The emphasis should be on storage of water all over the State, as it would also help in recharging groundwater, besides augmenting supplies. It was, perhaps, for the first time the Supreme Court had issued such an order to the State on the issue of shortage of drinking water and the Government responded with alacrity.
Justice G.B.Pattanaik and Justice Brijesh Kumar of the Supreme Court on Monday told the State Government to take whatever steps it could -- either contacting the Maharashtra Government or providing water through water tankers to the villages. The court was acting on a public interest litigation petition preferred by Pachappa, President of the Bheema Neeru Rakshana Raithavarga Samithi, who sought the court's intervention in getting supply of drinking water immediately to the villages on the two banks of the river.
CM to write to Deshmukh
Speaking to presspersons after the meeting, the Minister for Water Resources, H.K.Patil, said the Chief Minister would be writing to his Maharashtra counterpart, Vilasrao Deshmukh, on regulated release of water to the villages from the Ujini Dam.
He noted that the State had moved Maharashtra in that regard in the past and a party delegation from the State, led by the Chief Minister, had visited Mumbai.
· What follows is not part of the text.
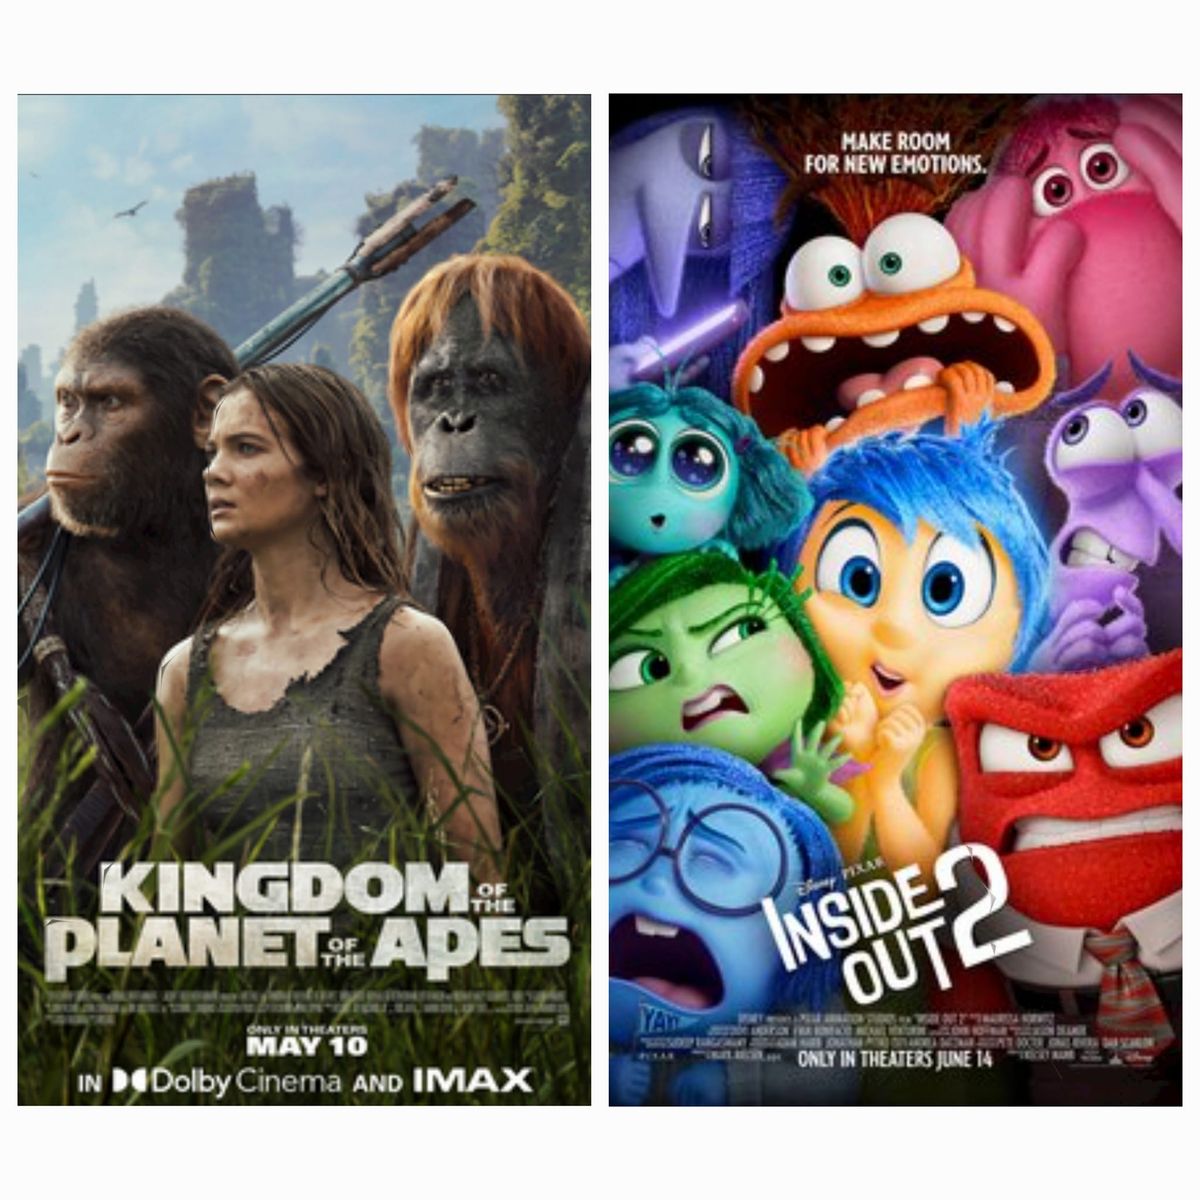 Double Feature of Kingdom of the Planet of the Apes & Inside Out 2

Mr. Patil said that counsel for the State, Hegde, had informed the Supreme Court about the various measures taken to provide drinking water to the Bheema Basin villages.
The Minister for Rural Development and Panchayat Raj, M.Y.Ghorpade, who explained the position with regard to the 157 habitations, said that 66 of them had piped water supply, 85 had mini water supply projects and the others were dependent on borewells. He noted that the months of April and May were difficult ones all over the State on account of summer despite the various measures taken as far as water supply was concerned.
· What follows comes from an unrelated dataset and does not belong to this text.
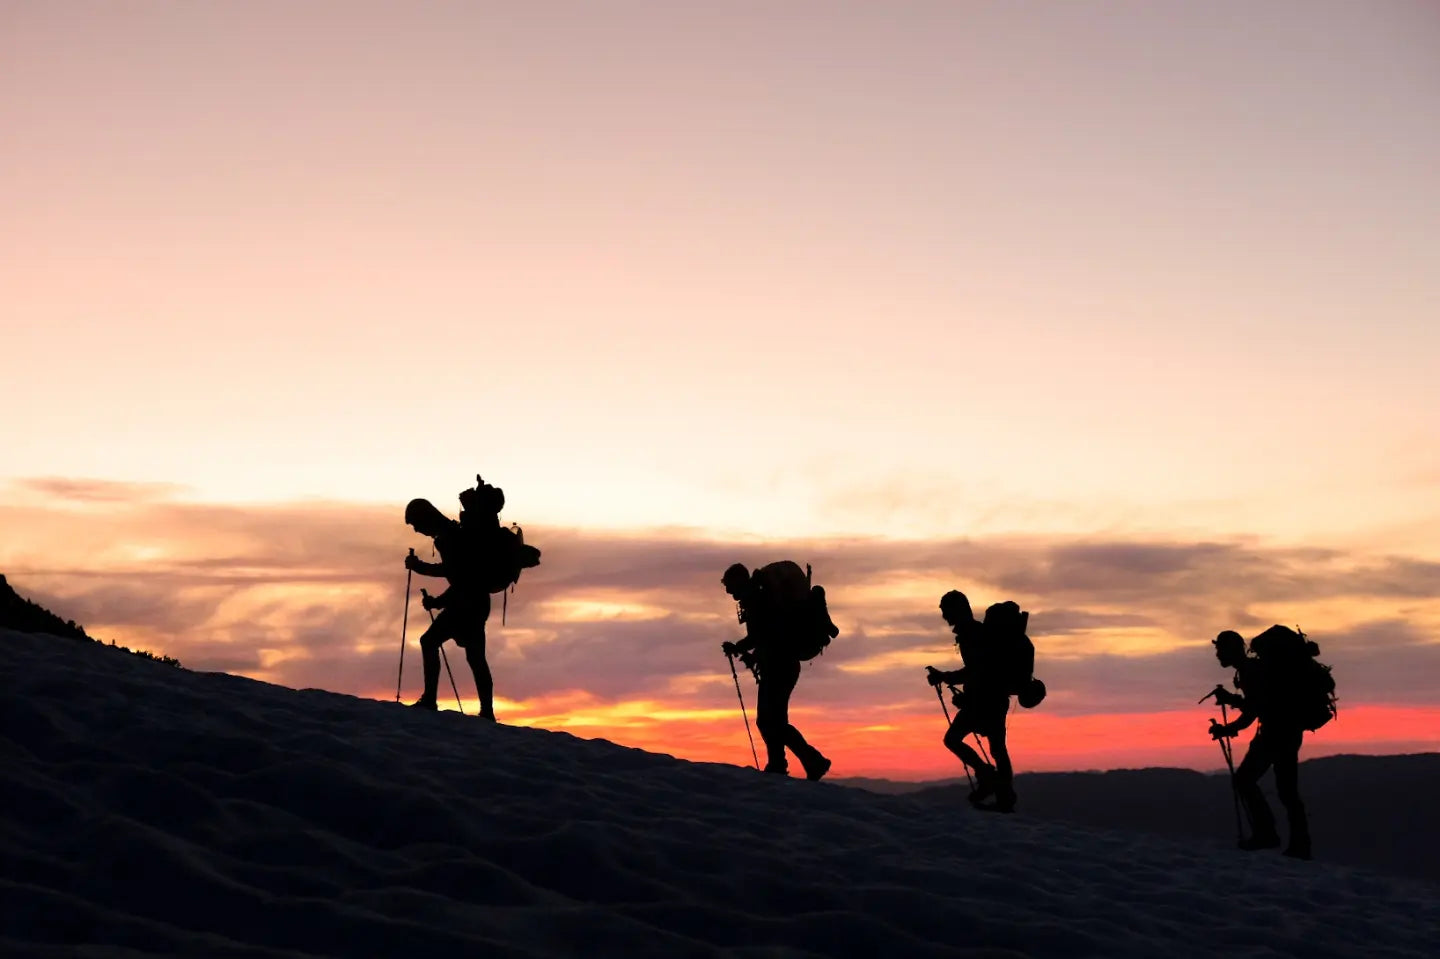 Silhouettes of four backpackers hiking up a hill at sunrise

Mr. Ghorpade said that the State would inform the court that ``everything possible has been done for the villages and whatever remained will be done whatever the cost.''
Mr. Patil noted that the problem arose because there was no flow of water in the Bheema since November last. The court had told the Central Water Commission to assess the situation and come out with a solution. The work on the construction of four barrages across the Bheema was taken up in 1994 and they were nearing completion. They were expected to be ready by August.
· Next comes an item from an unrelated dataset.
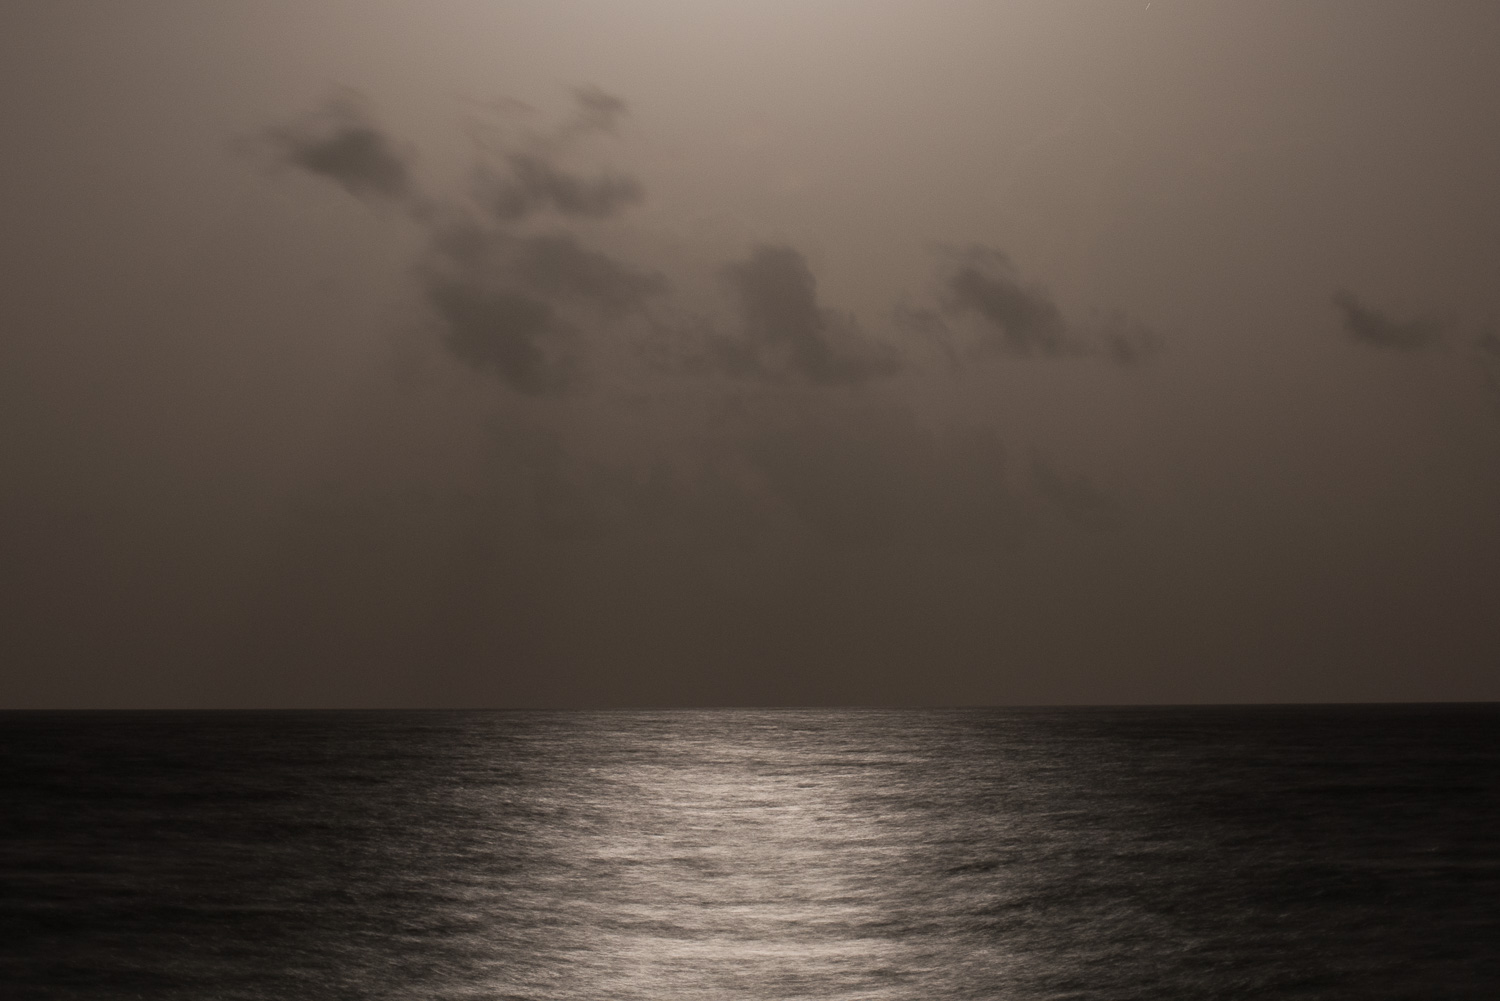  Shot in Fort Lauderdale Florida after July 4th 2015 fireworks. I love the feel of constant motion as&nbsp;the water is drawn to the full moon just above the crop.&nbsp;

Today's meeting decided to build five barrages across the Bheema in Gulbarga District and complete them by August 2003. The work would be entrusted to the Krishna Jala Bhagya Nigam and the State Irrigation Development Corporation. He noted that storage could not be improved without the construction of barrages.
Mr. Patil further said that the meeting directed the Karnataka Urban Water Supply and Drainage Board to build up storage equivalent to three months' requirement in towns and cities.